_Dataset excerpts_
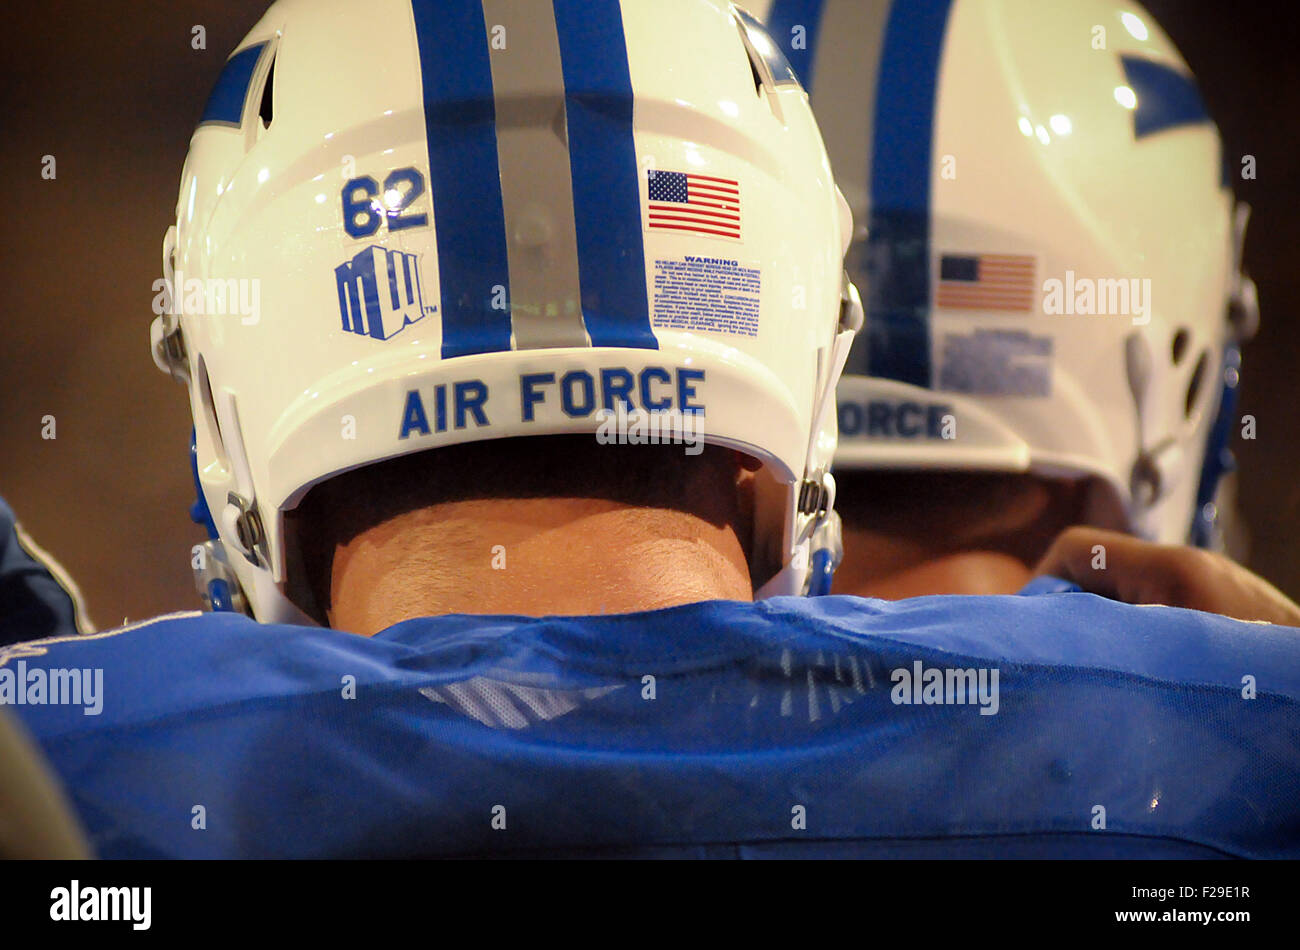 Colorado Springs, Colorado, USA. 12th Sep, 2015. Air Force players huddle prior to Mountain West Conference action between the San Jose State Spartans and the Air Force Academy Falcons at Falcon Stadium, U.S. Air Force Academy, Colorado Springs, Colorado. Air Force defeats San Jose State 37-16. © csm/Alamy Live News Stock Photo
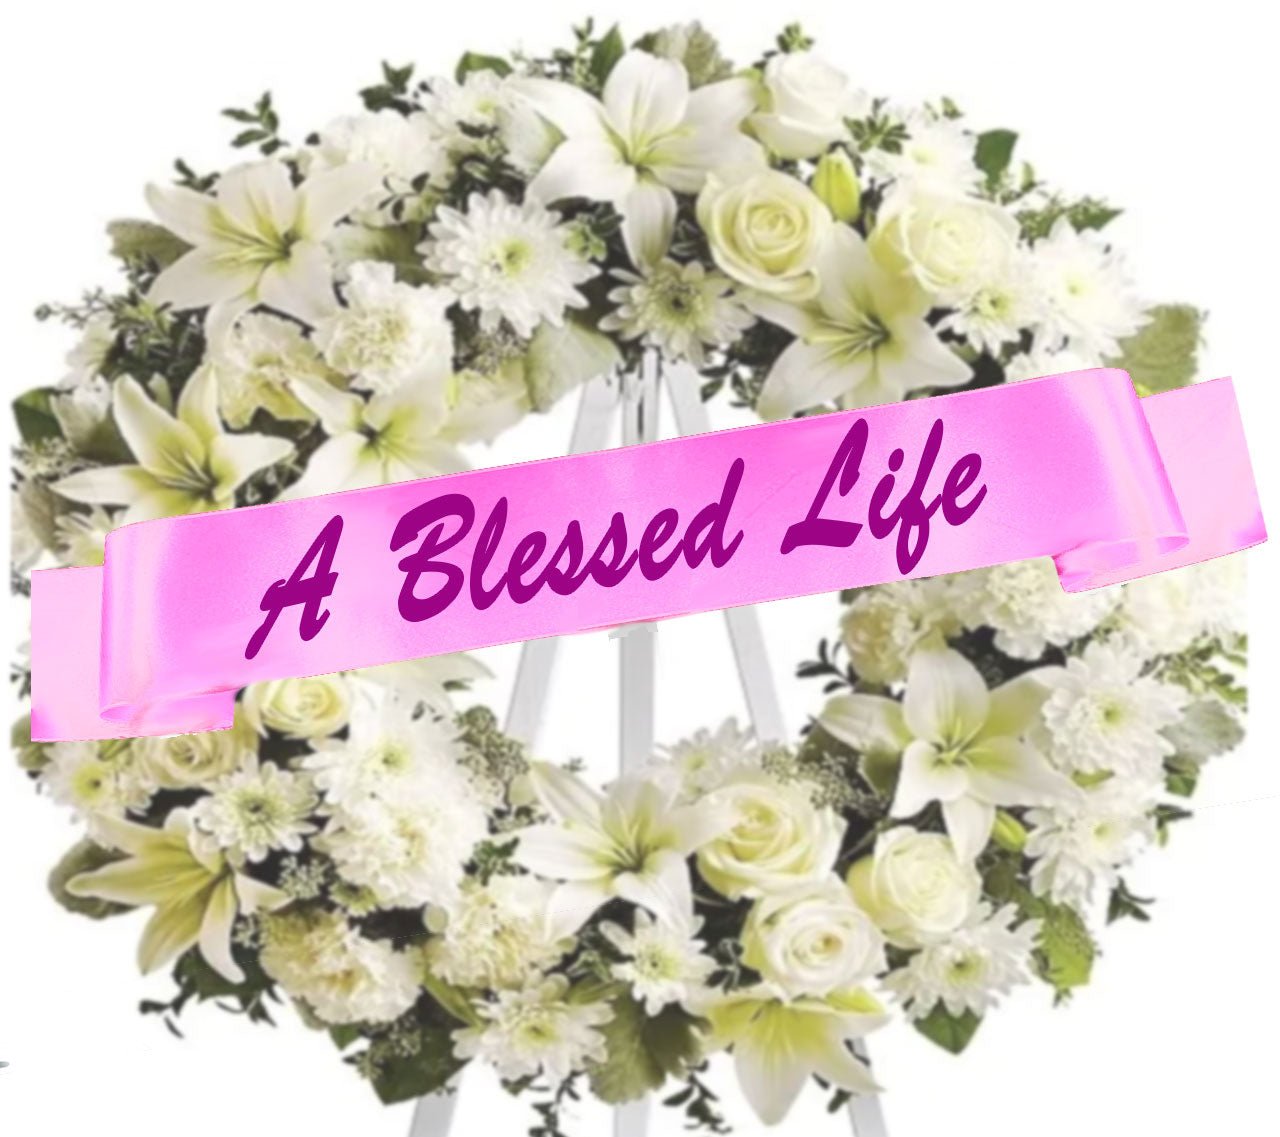 Blessed Life Funeral Flowers Ribbon Banner - Celebrate Prints
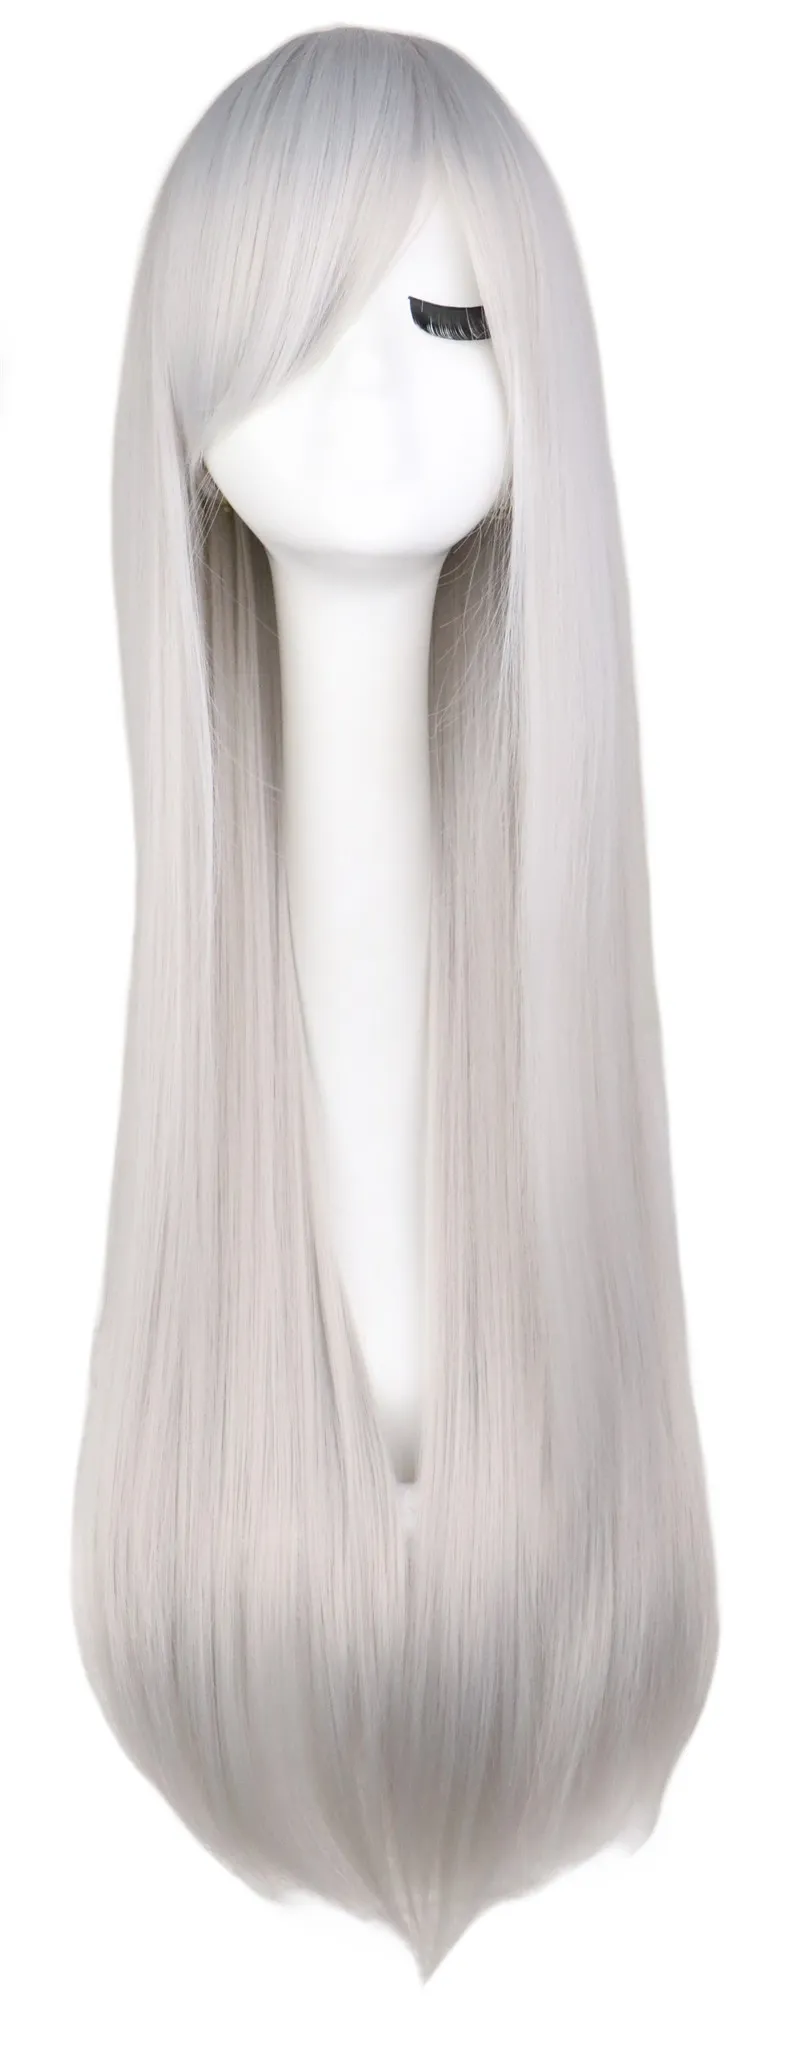 Women Men Long Straight Cosutme Party Sliver Gray Wig Cosplay 80 Cm High Qulaity Synthetic Hair Wigs
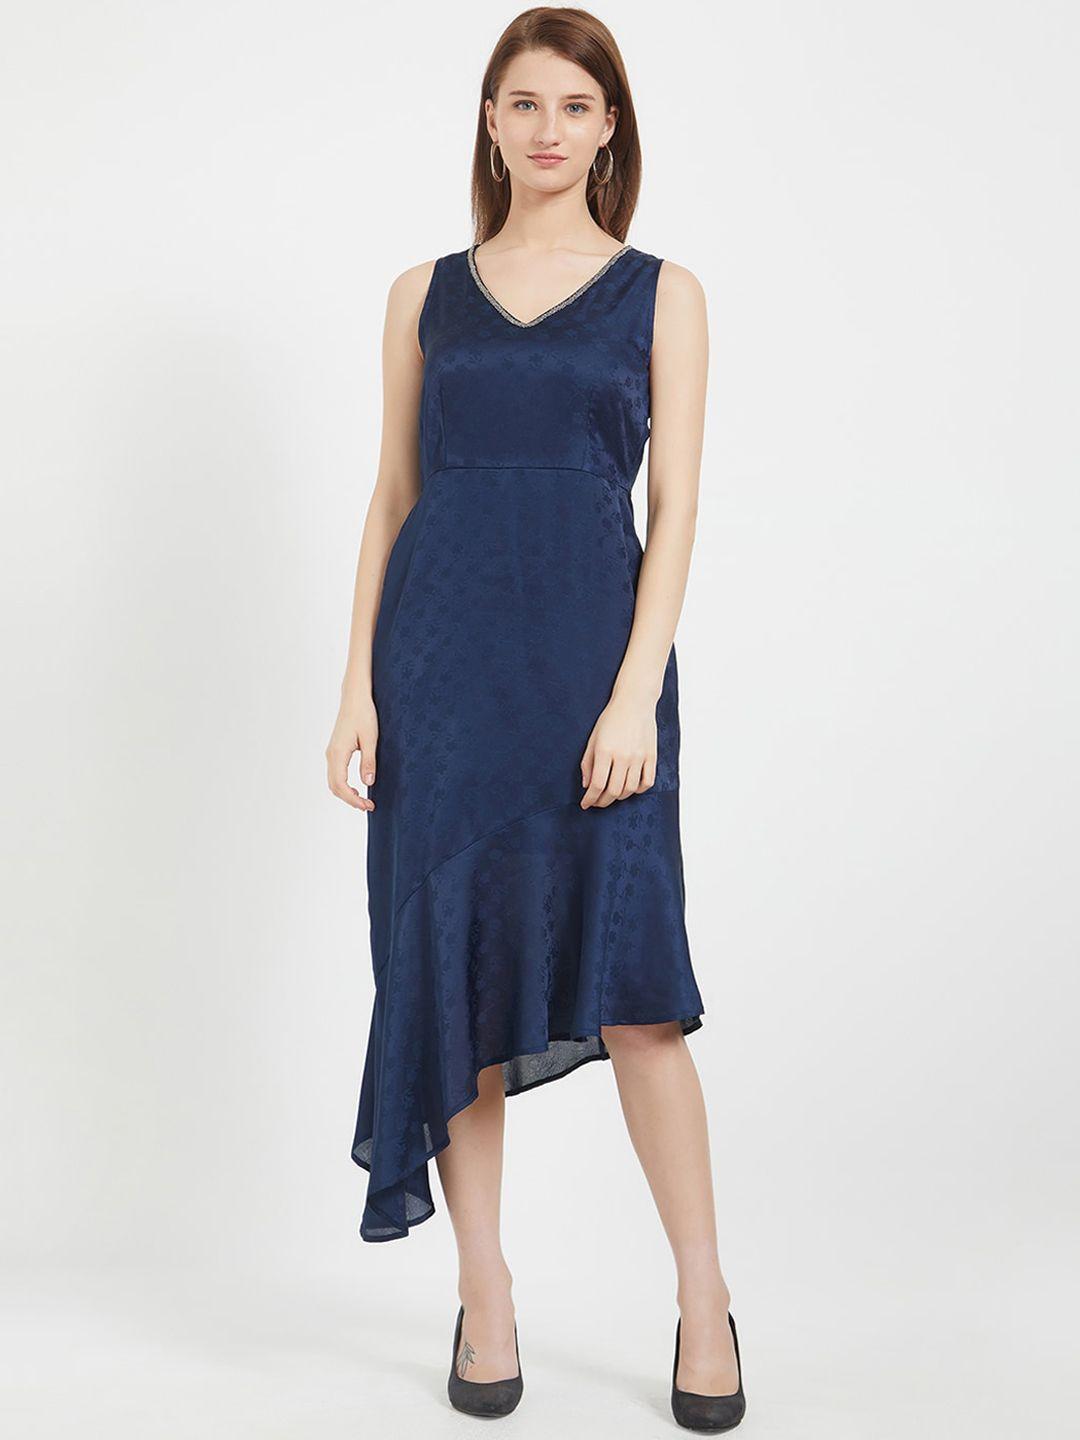 109f women navy blue self design fit and flare dress
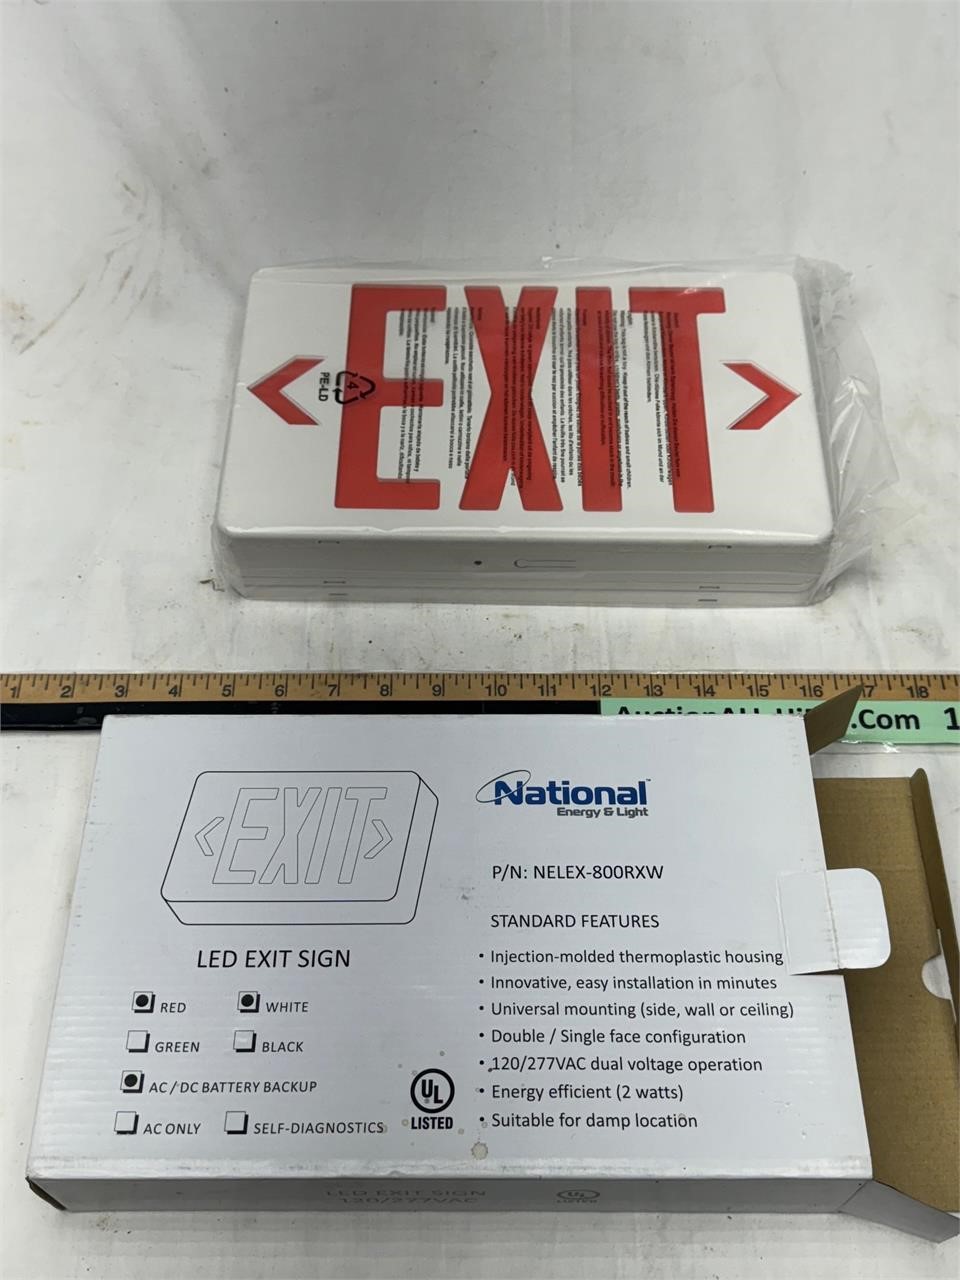 Brand new Exit Sign

_Exercise directions_
Output exactly and only the lines from the line containing "Blessed Life Funeral" to the end of the entries, both included, and omit every picture.

_Output_
 Blessed Life Funeral Flowers Ribbon Banner - Celebrate Prints
 Women Men Long Straight Cosutme Party Sliver Gray Wig Cosplay 80 Cm High Qulaity Synthetic Hair Wigs
 109f women navy blue self design fit and flare dress
 Brand new Exit Sign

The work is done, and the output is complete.